Каким же путем пошел Викторин, чтобы, с одной стороны, опять, как в субординационном неоплатонизме, сблизить порфириевского осложненного качествами Бога с миром, а с другой стороны, избегнуть при этом как разобщенности Бога и мира, так и крайностей субординационизма?10

Викторин в полном соответствии с христианским учением усилил в божестве момент активности и движения, усилил для того, чтобы впоследствии семантически оправдать внутреннюю форму именования Бога Отцом. Истинная субстанция, говорит Викторин, это движение, и не просто движение, но перводвижение (Adversus Arium I 30, 20 – 26). Бог-Отец есть, следовательно, по Викторину, причина и принцип всех вещей, и он присутствует во всем существующем (IV 22, 10 – 22). Так Викторин решил для себя обе задачи: он, во-первых, сблизил неоплатоническое Единое с Богом-Отцом, благодаря порфириевскому усложнению абсолютной простоты Единого, и, во-вторых, опротестовал порфириевскую разобщенность бога и мира, благодаря усилению в боге активнодвижущего, созидающего момента.

г) Что же касается проблемы соотношения трех лиц в Троице, то в этом вопросе Викторин демонстрирует не столь ухищренную логику, которую мы наблюдали у восточных авторов. Бог-Сын стандартно приравнивается Викторином к Логосу, а само наличие в Боге Логоса выводится Викторином все из той же идеи Порфирия, усложняющей и дифференцирующей божественную простоту Единого. Раз Бог обладает бытием, говорит Викторин, то, как все, бытием обладающее, Бог не может не обладать и своим Логосом. Но Логос Бога – особен, он латентный и самонаправленный Логос. Взятый сам по себе, Логос выражает качество бытийности Бога. Познание и жизнь есть оборотная сторона бытия (IV 20 ff).

Как видим, Викторин стремится избежать субординации в отношениях между Отцом и Сыном, а также старается в полном соответствии с никейским символом утвердить единосущность Отца и Сына, но логика его рассуждений носит (во всяком случае, в этом, правда самом важном, тринитарном трактате) весьма отрывочный и просто утверждающий характер. Не совсем ясен, можно сказать даже, совсем не ясен у Викторина и статус Святого Духа, сближающегося с Мировой Душой Плотина.

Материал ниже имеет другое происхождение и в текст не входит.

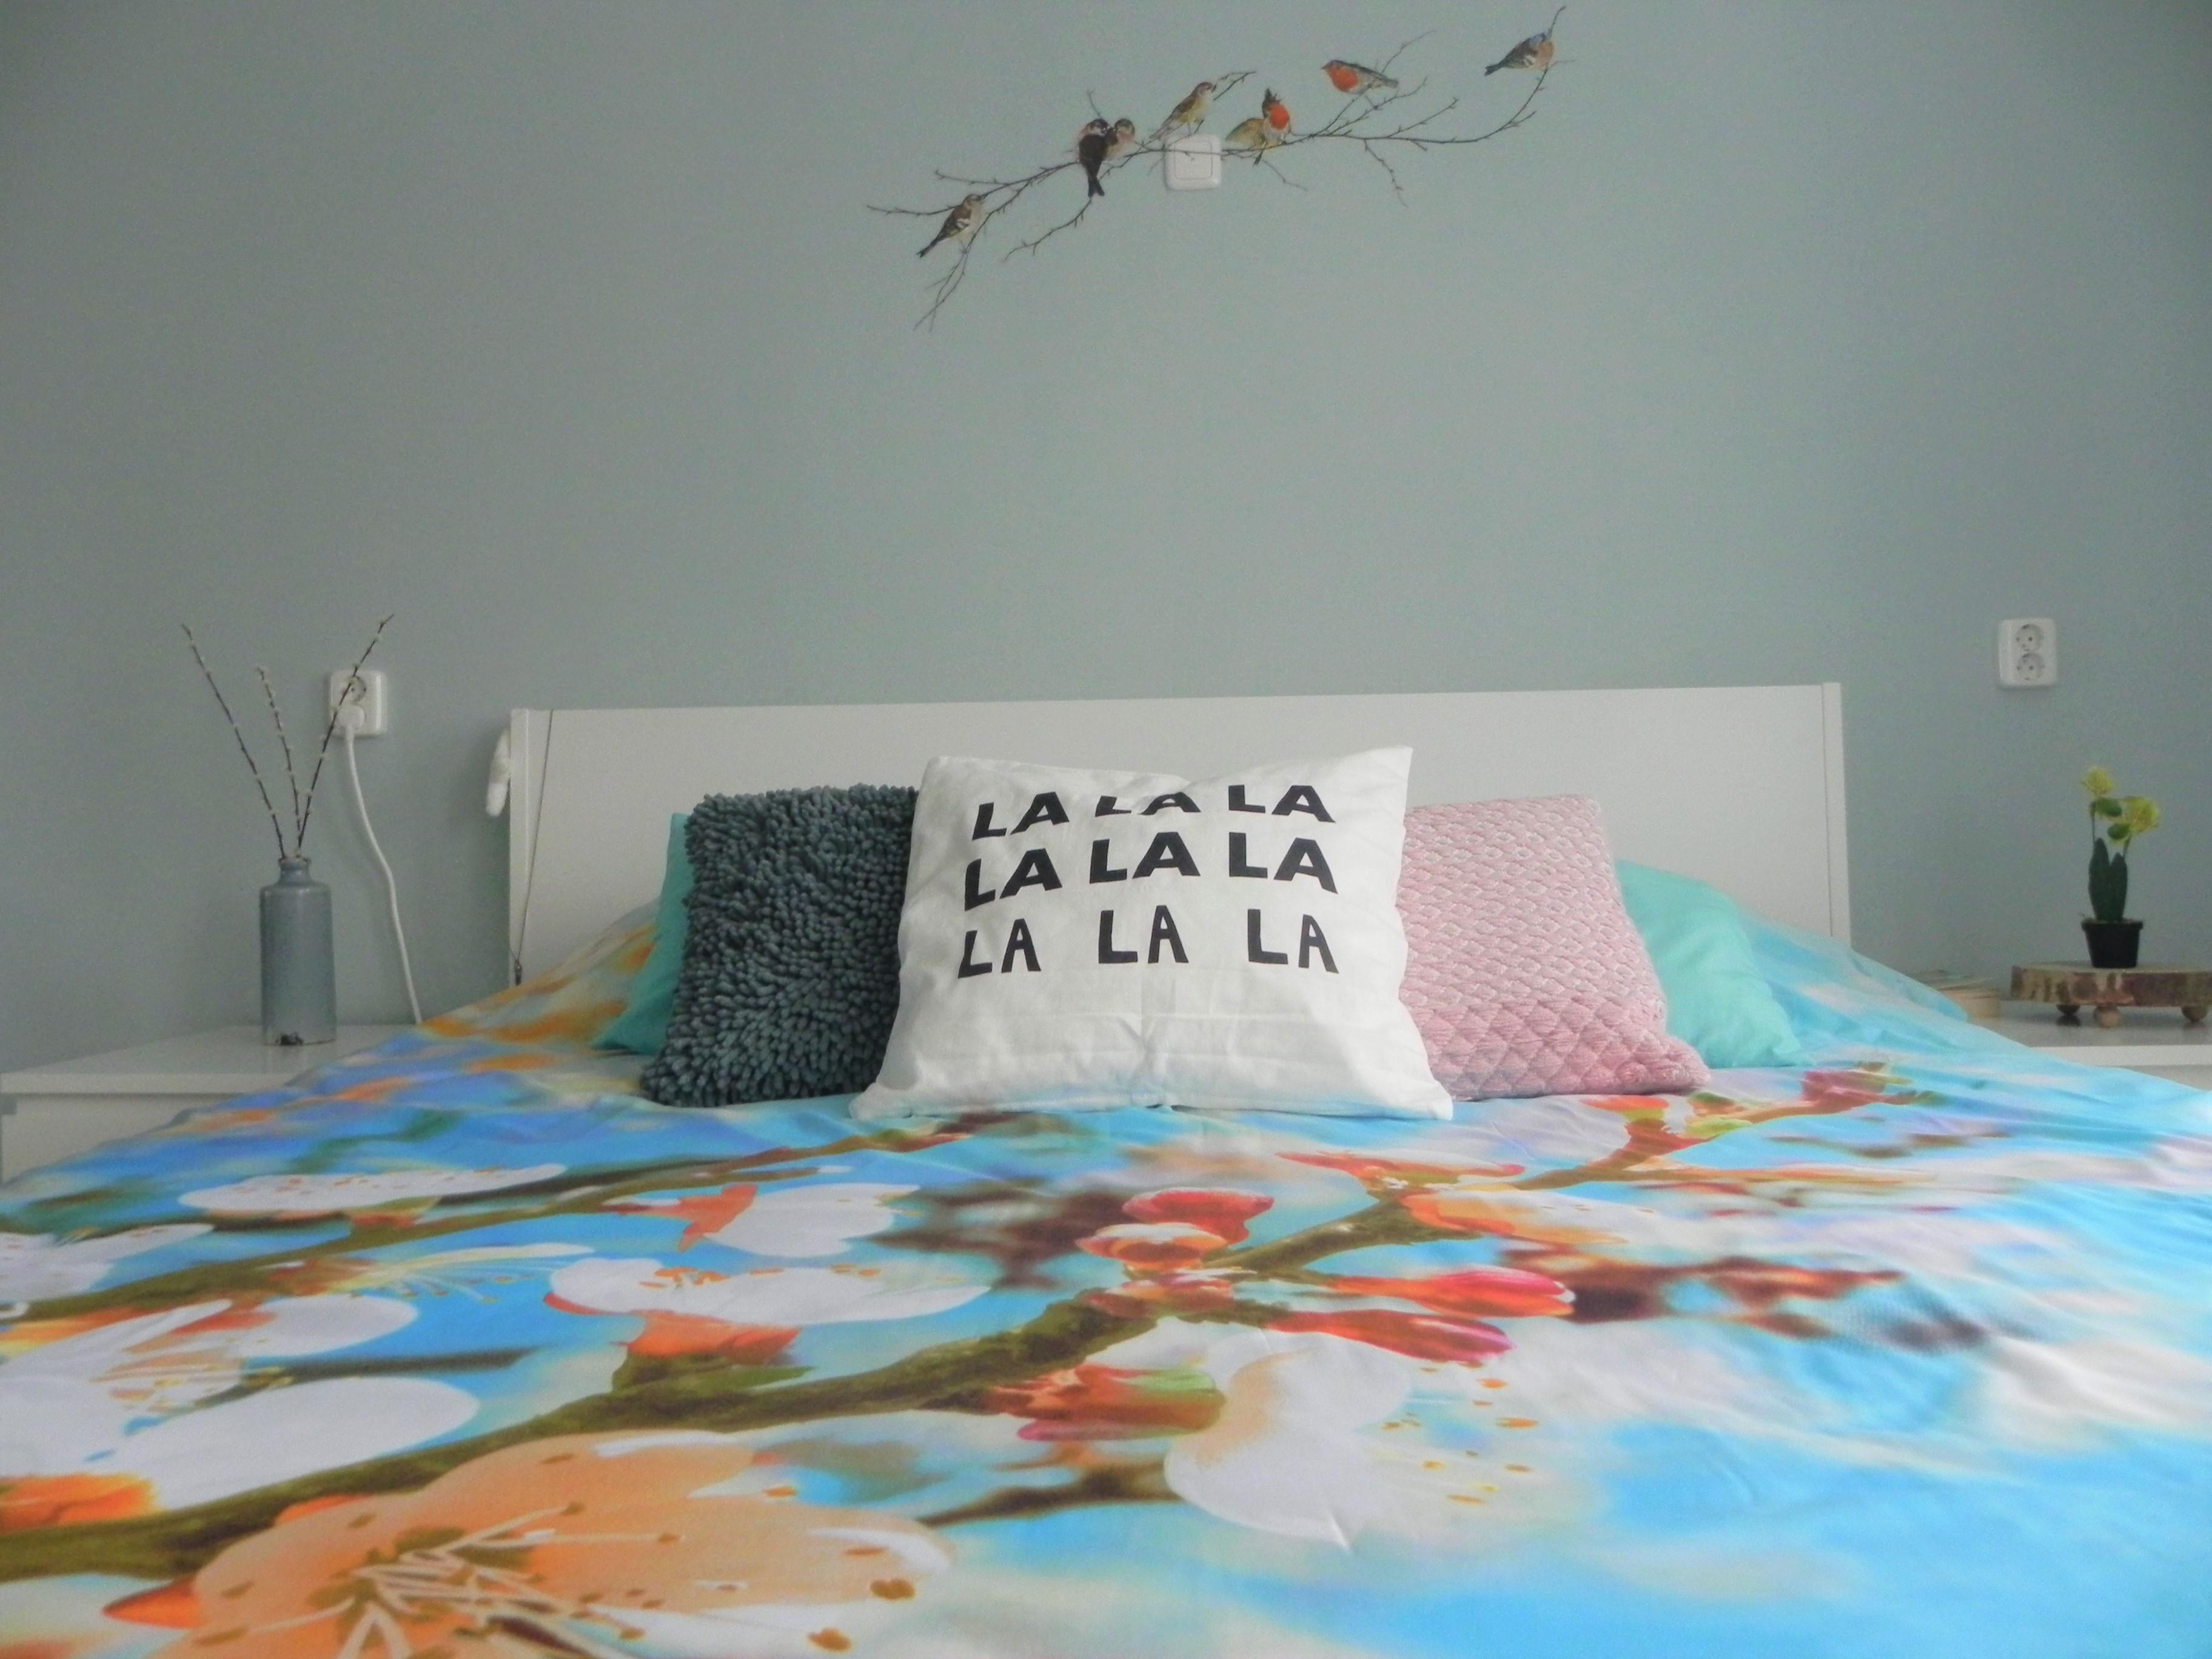 slaapkamer, master bedroom, bedden, bedden.nl, dekbedovertrek, binnenkijken, slaapkamer, interieur, wonen, slapen, blog, woonblog, lifestyleblog, mamablog, La Log.nl

д) Итак, оценивая позицию Викторина в целом, скажем, что, во-первых, главным для Викторина было установление связи между неоплатоническим Единым и личным христианским Богом; во-вторых, в этом отождествлении Единого и Бога-Отца сказалось сильное влияние Порфирия; в-третьих, оригинальной чертой теологии Викторина является доминирующая роль активнодвижущего момента в Боге, что позволило Викторину опротестовать идею разобщенности Бога и мира; в-четвертых, Викторину не удалось обосновать характер внесубординационных отношений лиц в Троице, хотя он и декларировал идею их единства и единосущности.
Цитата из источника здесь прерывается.